Research Projects

My method reserach has been mostly motivated by problems in genetics, genoimics and metagenomics. I have worked on a variety of problems in statistical genetics and genomics, including methods for family-based genetic linkage and association analysis, methods for admixture mapping, methods for genome-wide association analysis, methods for analysis of microarray time course gene expression data, high dimensional regression analysis for genomic data, methods for copy number variation analysis and methods for analysis of next generation sequence data. I have published both statistical methodological research in top statistics/biostatistics journals (JASA, AOS, AOAS, Biometrika, Biometrics, Biostatistics etc ) and in top genetics journals (AJHG, Plos Genetics, etc) and collaborative research in top scientific journals ( Science, NEJM, Nature, Nature Genetics, Nature Methods, PNAS, Developmental Cell, Cancer Cell etc).

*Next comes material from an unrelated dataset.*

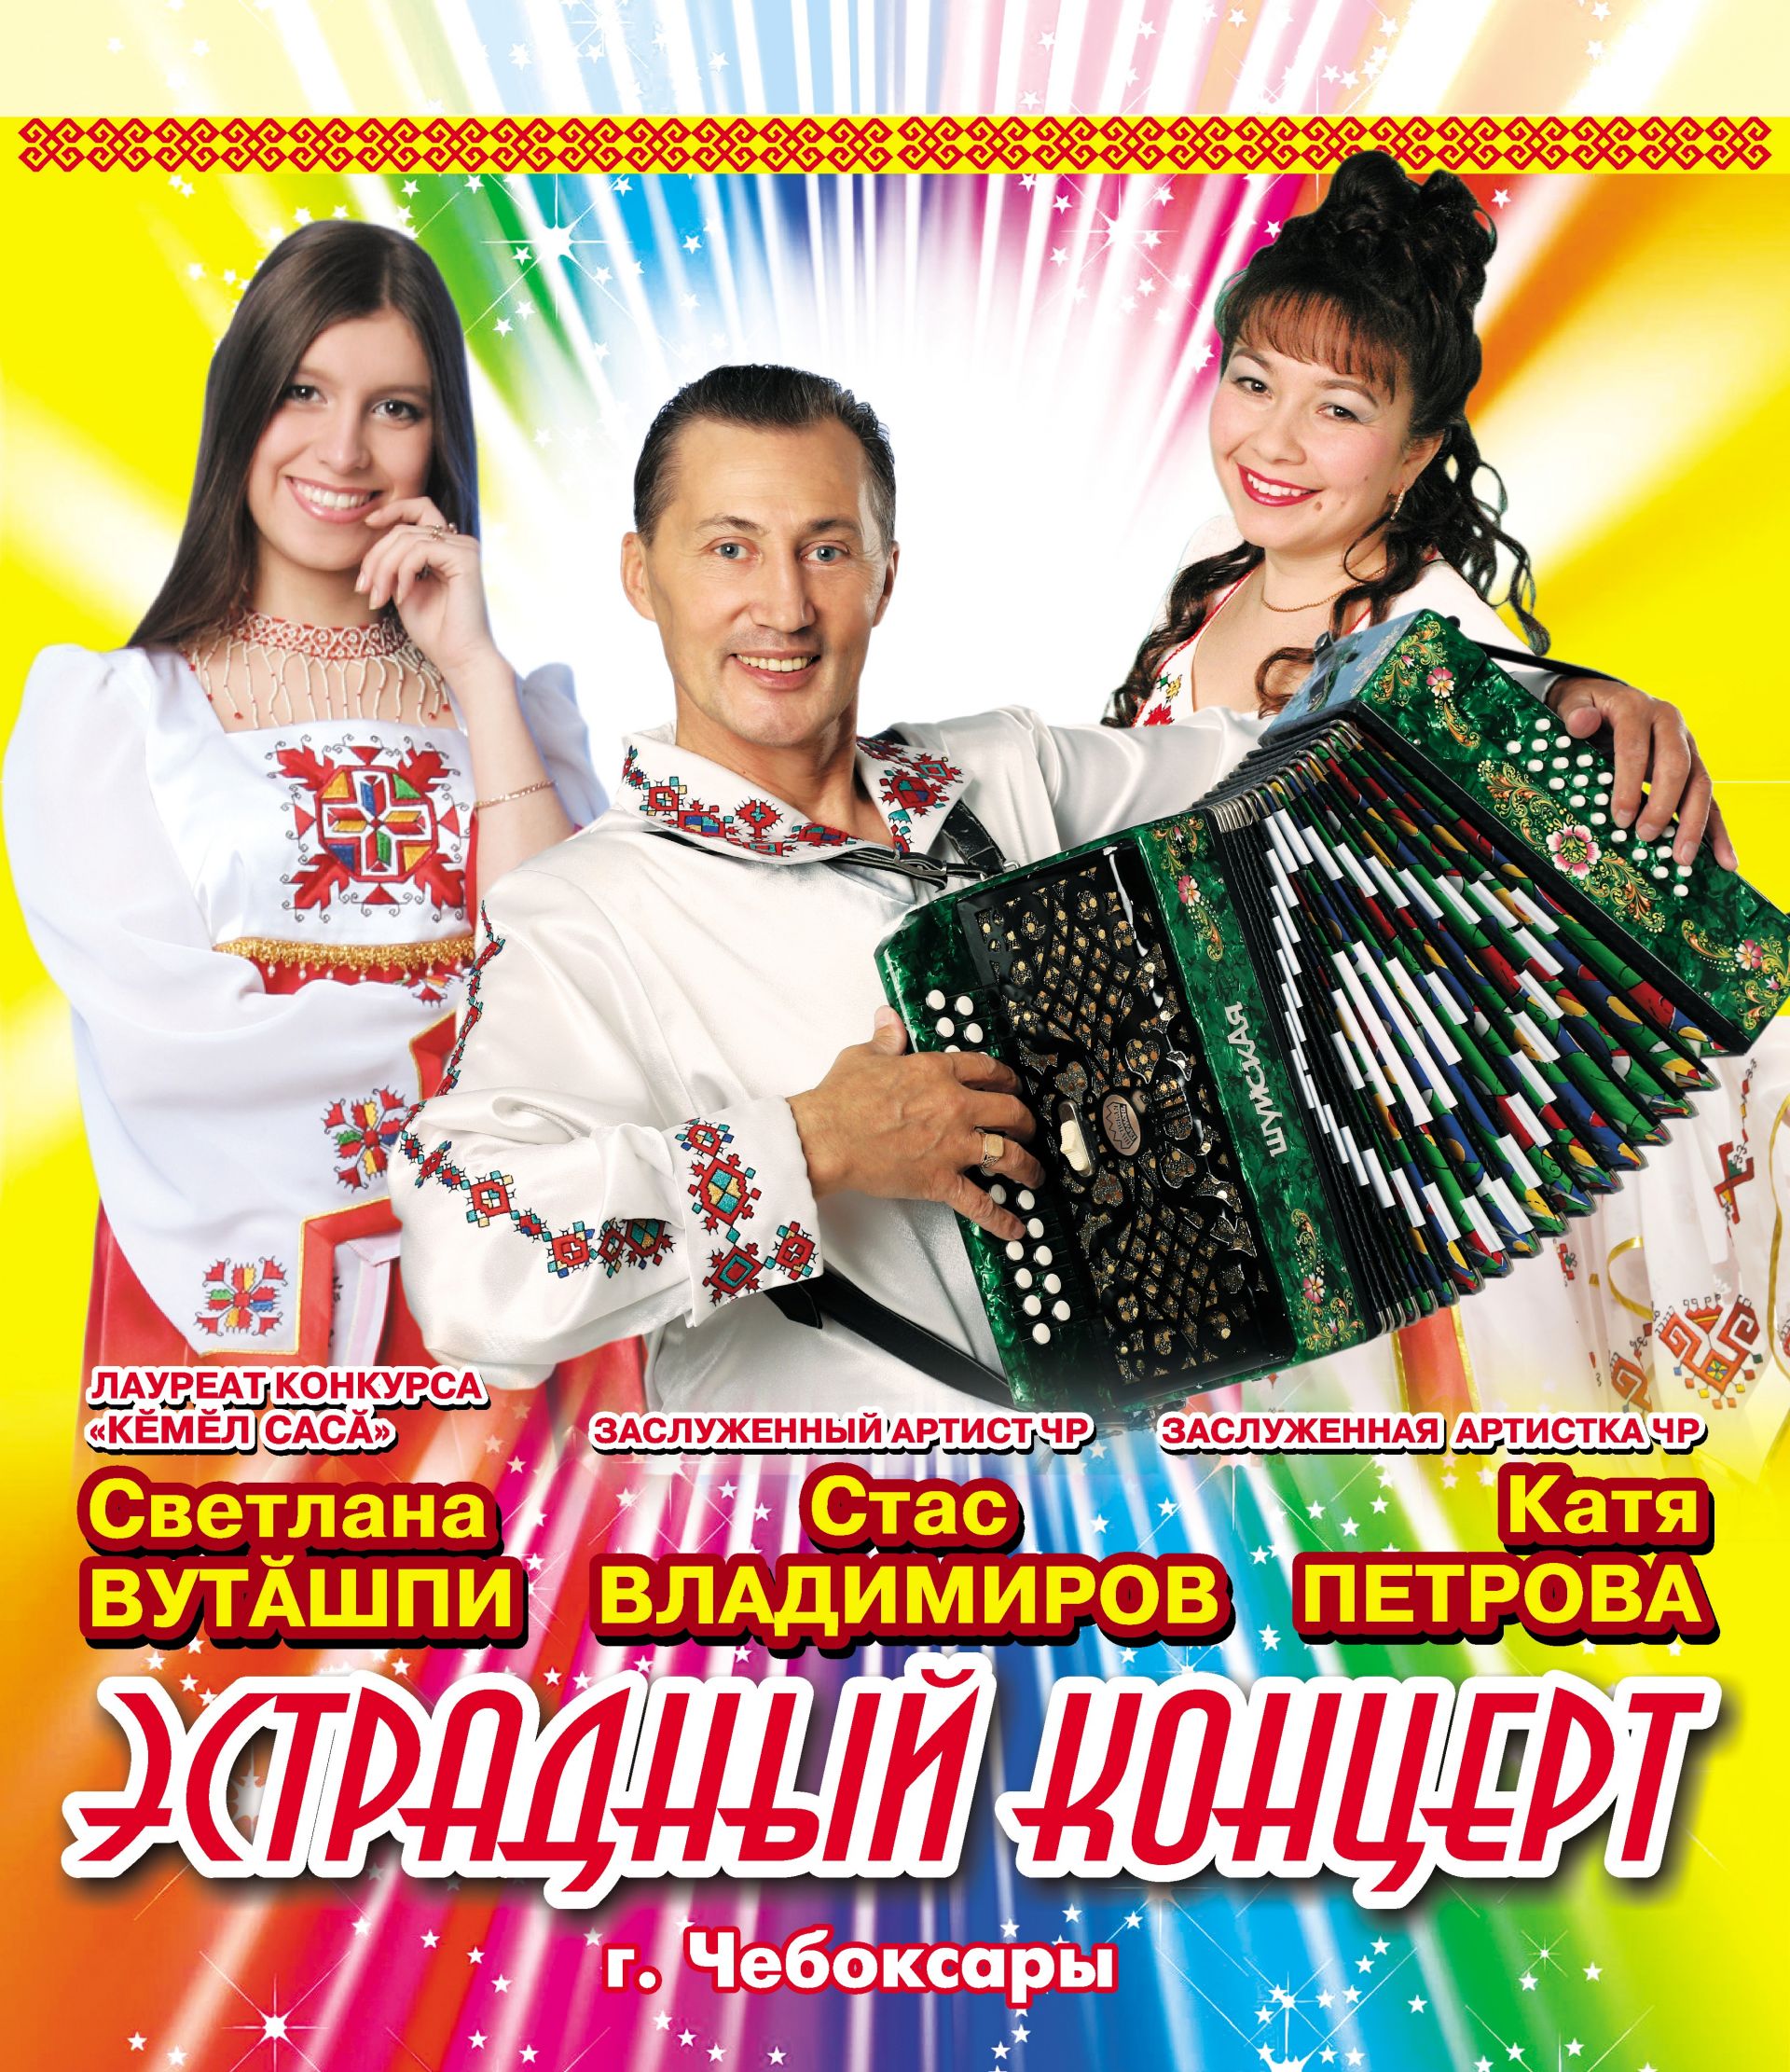 Афиша концертов чувашской эстрады

My research covers several broad areas in statistics genetics,genomics and metagenomics: methods for mapping genes for complex diseases, methods for integrative analysis of genomic data and methods for microbiome and metagenomics. From 1998 to 2012, I was supported by an NIH R01 grant (ES009911) to develoop methods for mapping genes for complex diseases, including methods for linkage, association, haplotype and admixture mapping. My method research on genomic data analysis was supported by a NIH R01 grant, focusing on developing statistical and computational methods for analysis of genomic data with graphical structure, and another R01 grant focusing on analysis of next generation sequencing data. I was also the PI of a T-32 traininng grant "Training in Ophthalmic Statistical Genetics and Bioinformatics" to train investigators in the area of statistical genetics for ophthalmic genetics.

My current research focuses on
(1) statistical and computational issues related to analysis of microbiome and metagenomics data.
(2) methods for integrative analysis of genomics data, especially in joint analysis of GWAS, eQTL data and single cell RNA-seq data.
(3) high dimensional statistics and inference.
(4) causal inference and high dimensional mediation analysis.
(5) transfer learning and domain generalization.
(6) Optimal transport and analysis of non-Euclidean object data.

I also collaborate with Penn investigators on genetic and genomics studies of complex diseases and biological systems. My most recent collaborations are in the area of (1) microbiome and its association with diseases such as IBD, obesity and cancer; (2) multiomics studies of chronic kidney disease risk and progression; (3) precision nutrition.

I was/am PI of the following NIH grants:

NIH R01-ES009911, 1998-2001: Survival Models for Mapping Genes for Complex Diseases.
NIH R01-ES009911, 2002-2006: Survival Models for Mapping Genes for Complex Diseases.
NIH R01-ES009911, 2007-2012: Survival Analysis Methods in Genetic Studies.
NIH P01-AG025532, 2007-2008: A Mitochondrial Longevity Pathway: P66Shc Mechanisms -Biostatistics Core.
NIH R01-CA127334, 2007-2012: Methods for Genomic Data with Graphical Structures.
NIH R01-CA127334, 2012-2017: Methods for Genomic Data with Graphical Structures.
NIH T32-EY021451, 2011-2016: Training in Ophthalmic Statistical Genetics and Bioinformatics.
NIH R01-GM097505, 2012-2016: Statistical Methods for Next-Generation Sequence Data.
NIH R01-GM123056, 2017-2021: Statistical Methods for Microbiome and Metagenomics.
NIH R01-GM129781, 2018-2022: Methods for Integrative Genomic Data Analysis.
NIH R01-GM123056, 2022-2026: Statistical Methods for Microbiome and Metagenomics.
NIH P30-DK050306, 2022-2027: Center for Molecular Studies in Digestive and Liver Diseases - BDSC Core.
NIH R01-GM129781, 2023-2027: Methods for Integrative Genomic Data Analysis.